Bill Feinstein, general manager at Planet Honda in Union, N.J., said he expects to sell nearly twice as many Civics as he usually does in August thanks to the program. The sedan is the third most popular Cash for Clunkers vehicle.
"We're begging the factory for more," said Feinstein, whose stock of Civics is about half the size it normally would be in August.
Other vehicles, even larger ones like the Ridgeline and the CR-V crossover, have picked up too, which he credits to stable gas prices.
"I think consumer demand shifted from the smaller vehicles," Feinstein said. "That market came back very robustly."
Honda had a 44-day supply of Civics at the end of July, down from 81 at the end of June. Ford had only a 25-day supply of Focuses, while Toyota had a 13-day supply of the Prius gas-electric hybrid, the No. 4 cash-for-clunkers seller. The industry average is a 48-day supply, according to Ward's AutoInfoBank.

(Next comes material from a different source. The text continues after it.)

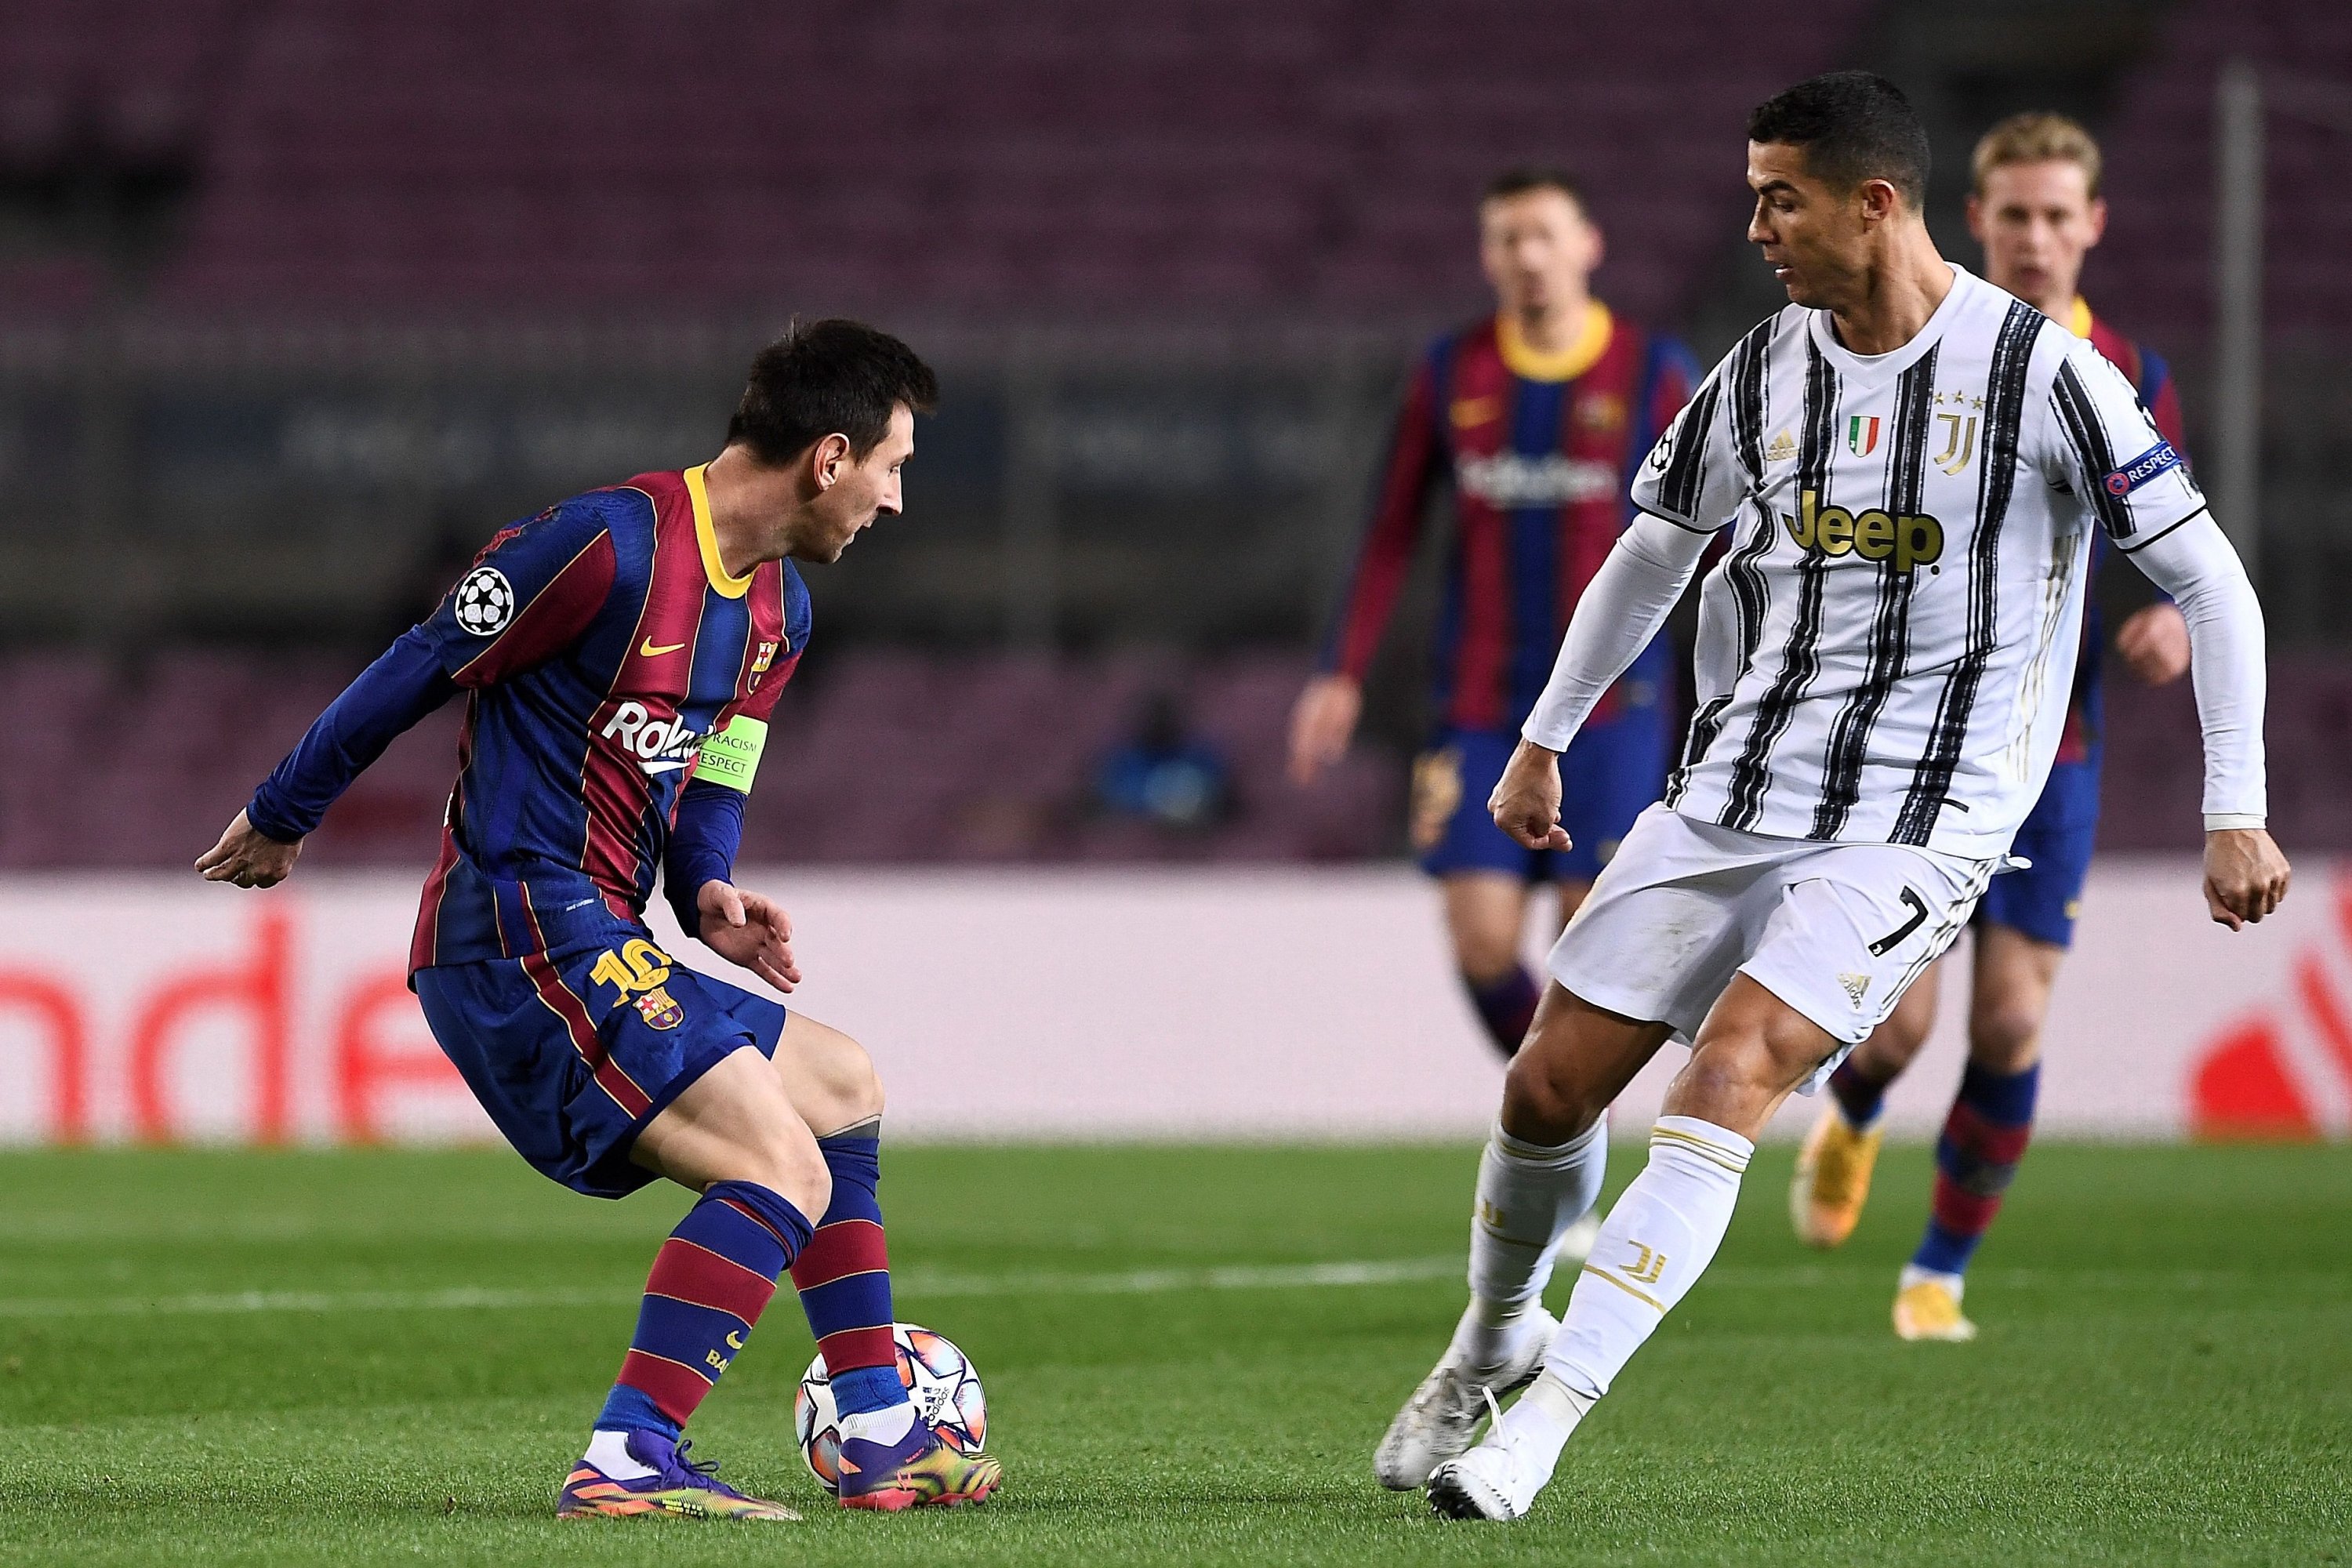 Saudi business mogul bids $2.6M for Ronaldo-Messi ticket | Daily Sabah

Cash for Clunkers offers consumers up to $4,500 to trade in vehicles getting 18 mpg or less to buy new, more fuel-efficient models. The program got $2 billion in additional funding from the federal government last week. But experts have questioned whether the program is fostering new demand or simply stealing business from later periods.
If the latter is true, automakers could be in for a big drop-off in sales later in the year. Standard & Poor's analysts said in a report released Monday that there's no reason why the popularity of Cash for Clunkers can't continue for "several more weeks, if not months."
"However ... we believe the boost in sales may be short-lived, and there is even a risk that the program may pull demand from future periods," the analysts wrote, noting that similar programs in Europe have also been followed by a sharp drop in sales.
When the program kicked off last month, frenzied customers fearful that the program's funding would run out flocked to dealerships in droves. But some dealers said foot traffic has now begun to slow, with consumers no longer so worried that the program's end is imminent.
"It seemed that there was more sense of urgency prior to passing the bill," Anthony Ciuffo, sales manager at Crown Ford in Lynbrook, N.Y., said Saturday. "People feel that they have a longer window of opportunity."
Edmunds.com's Anwyl said he expects demand to die down in September, but said that drop may be tempered if the economy rebounds. However, it's also possible that an economic rebound could send gas prices and interest rates up, driving even more people away from new cars and trucks.
So when it comes to planning production, Anwyl said he doesn't envy the decisions the auto executives have to make.
"At the end of the day, you might as well roll the dice," he said. "There's no science to this."